Rick Perry opens new front with GOP rivals over jobs, experience
Rick Perry opened an aggressive new front in the Republican campaign for president Monday, suggesting that Mitt Romney could not match his record on job creation and questioning whether Michele Bachmann had the experience to be president. Romney sought to stay above the fray in New Hampshire but touted his “real world” experience in the private sector as a key credential for the White House.
The crossfire between the Texas governor and his chief rivals came as the three top-tier candidates fanned out across the early caucus and primary states — with Perry in Iowa, Romney in New Hampshire and Bachmann preparing for a bus tour in South Carolina.
Perry stepped out among fawning crowds at the Iowa State Fair after his campaign released a video that declared him “America’s jobs governor” and spliced images of a tumbling stock market with a Texas sunrise and old images of Perry reaching for his saddle in a cowboy hat and chaps.
Asked by reporters about the credentials of his rivals as he made his way through the fair, Perry alluded to minimal job growth in Massachusetts when Romney was governor.
“You just have to look at the record,” the Texas governor said.
Perry noted that he had worked in business before entering politics in the mid-1980s and seemed to slight Romney’s work at a private equity firm. “I was in the private sector for 13 years after I left the Air Force, so I wasn’t on Wall Street, I wasn’t working at Bain Capital,” Perry said.
When asked about Bachmann, who has represented Minnesota in Congress since 2006 after a career as a tax attorney and stay-at-home mom, Perry replied that “10 years of being an executive running a state the size of Texas matters.”
“It’s pretty hard to argue we haven’t created a job-creating machine in the state of Texas, and I think that’s what people are looking for,” Perry said. “They’re just looking for executive experience and somebody who will tell it like it is.”
Romney, who has tried to avoid engaging with Republican opponents as he seeks to cement his standing as the GOP front-runner, sidestepped questions about whether Perry deserves credit for Texas’ economic successes. But Romney took a subtle dig at Perry’s long tenure in government by repeatedly emphasizing his own private-sector experience in private equity and consulting.

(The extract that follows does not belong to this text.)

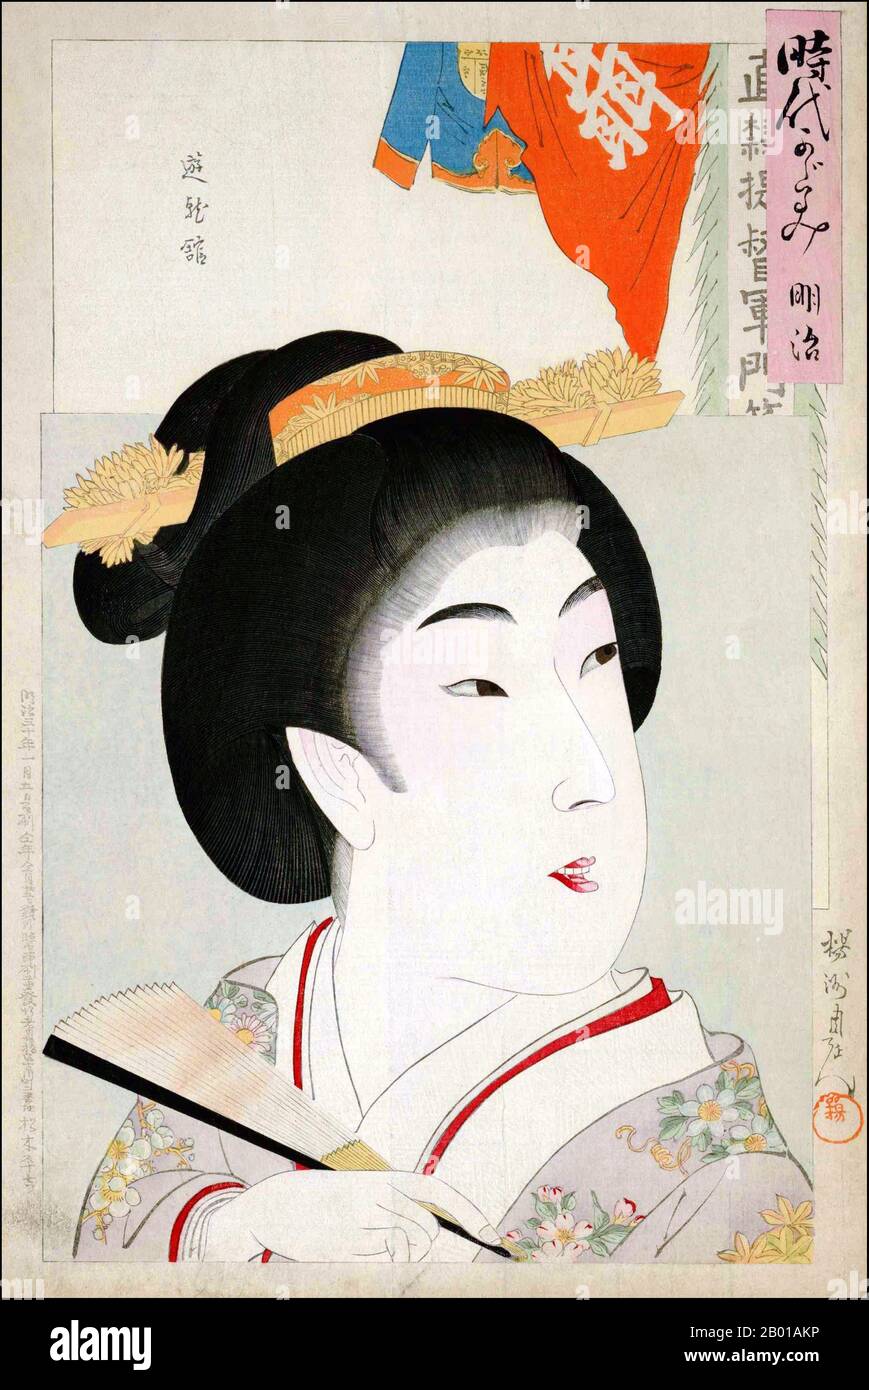 Japan: Porträt einer Schönheit (Bijinga). Ukiyo-e Holzschnitt von Toyohara Chikanobu (1838-1912), 1897. Toyoyaha Chikanobu, von seinen Altersgenossen auch Yoshu Chikanobu genannt, war während der Meiji-Ära ein produktiver Maler und Grafiker. Sein richtiger Name war Hashimoto Naoyoshi, und er diente zunächst als militärischer Halter für den Sakakibara-Clan und kämpfte mit Tokugawa-Loyalisten bis zu ihrer Niederlage und Kapitulation. Danach wurde er Künstler und studierte bei verschiedenen Lehrern. Er war vor allem für seine Bijinga-Drucke bekannt. Bijinga ist ein Oberbegriff für Bilder schöner Frauen in der japanischen Kunst Stockfoto

“My jobs record spans not just four years as governor, but also the 25 years that I’ve lived in the private sector,” he said when asked about Perry’s record at a manufacturer in Litchfield, N.H. “Understanding how the economy works by having worked in the real economy is finally essential in the White House.”
Though Romney avoided dissecting Perry’s record on job creation — Perry often states that more than 40% of the nation’s jobs have been created in Texas since 2009 — that task was already being handled by Democratic groups, who have noted that recent job growth in Texas was fueled in part by the state’s oil sector, higher gas prices, military spending and public-sector job growth.
Romney also directed his fire at President Obama, mocking the president’s bus tour through the upper Midwest as well as his upcoming vacation to Martha’s Vineyard.
“He seems to be more intent on trying to save his job than trying to create jobs for the American people,” Romney said.
Democratic National Committee spokeswoman Melanie N. Roussell said Romney’s remarks were part of an “extreme” approach by Republican candidates. “The Republican Party is offering the same tired rhetoric that the American people are sick of,” she said.
Reston reported from Plymouth and Mehta from Des Moines.